Fundraising Monitoring
From Wikitech
This page is intended to document the monitoring infrastructure that exists for the fundraising as well as keep track of desired monitoring functionality.
Contents |
Existing monitoring infrastructure
Log monitoring
Minfraud log
We currently monitor the 'minfraud' log (which gets aggregated form the payments cluster to Loudon).
- Ganglia (http://ganglia.wikimedia.org/?r=hour&c=Miscellaneous&h=loudon.wikimedia.org)
- Average risk score (as reported by MinFraud) (Ganglia)

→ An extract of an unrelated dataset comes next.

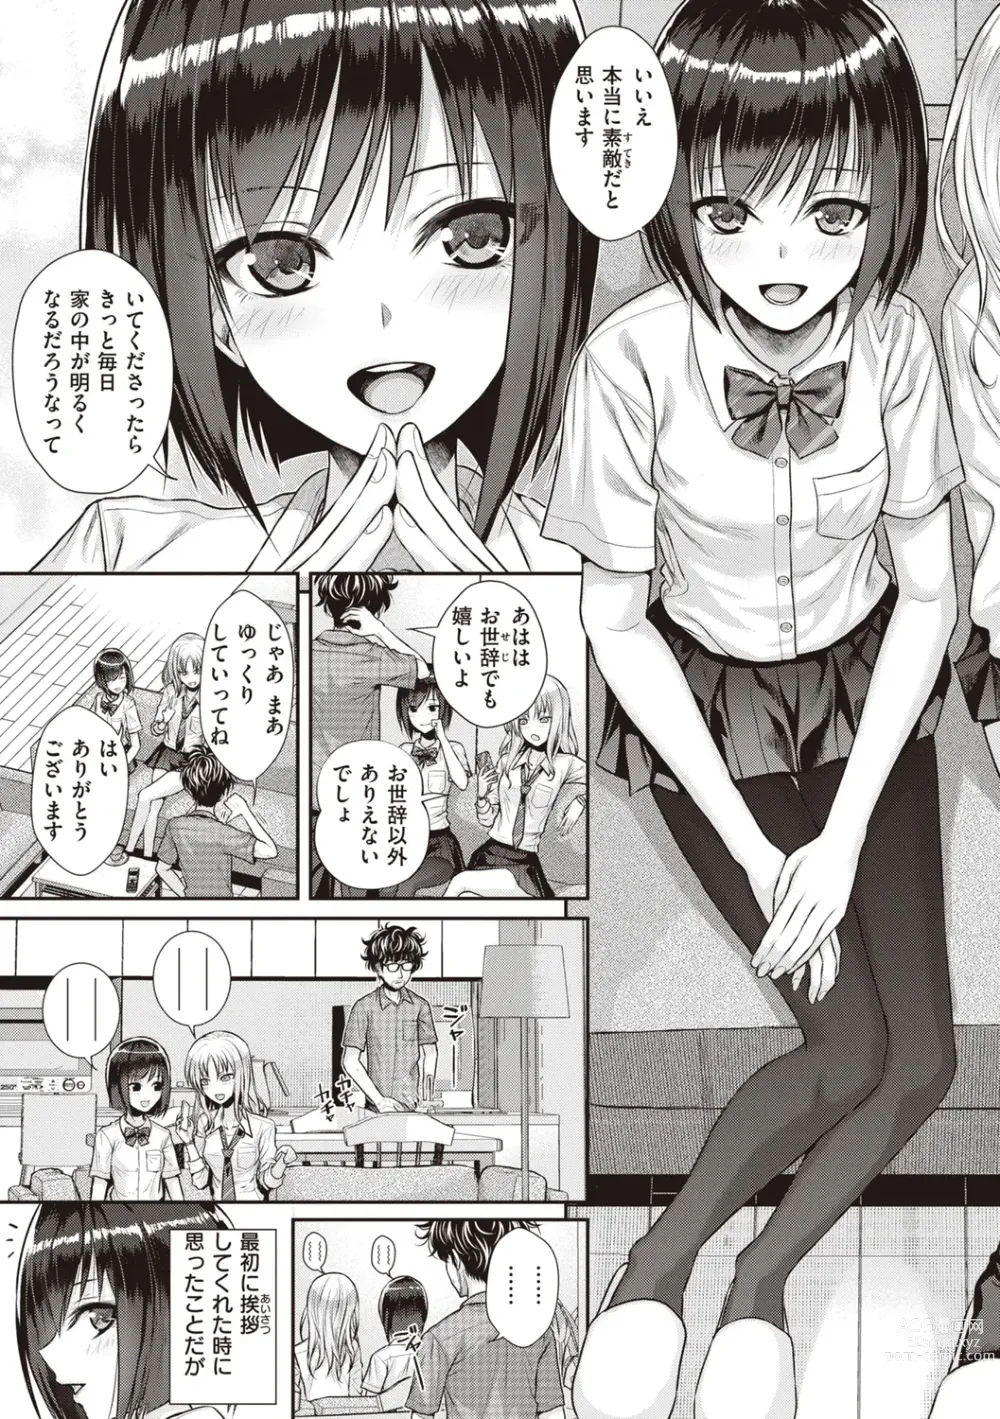 Page 29 of manga Prototype Teens

- Number of successful transactions (Ganglia)
- Number of failed transactions (Ganglia)
Monitoring wishlist
See RT tickets #405
- Hudson
- Nagios check for alive-ness
- Nagios check for failed builds
- Note: some scripts run by Hudson need to be modified to throw a non-successful exit status when they don't complete properly (eg send/receive mail scripts for civimail)
- Ganglia graphs for build success/failiure
- Nagios check for too many files in build folders (if the limit of 63999 gets hit, builds will fail)
- ActiveMQ
- Nagios check for queues filling up too fast
- Ganglia graphs for message volume in various queues
- Service communication times
- Ganglia graphs for communication timings with PayPal and MaxMind
- Nagios checks for timeouts/unacceptably high communication times
- 3rd party service accessibility from payments cluster
- Nagios check for communications access to MaxMind/PayPal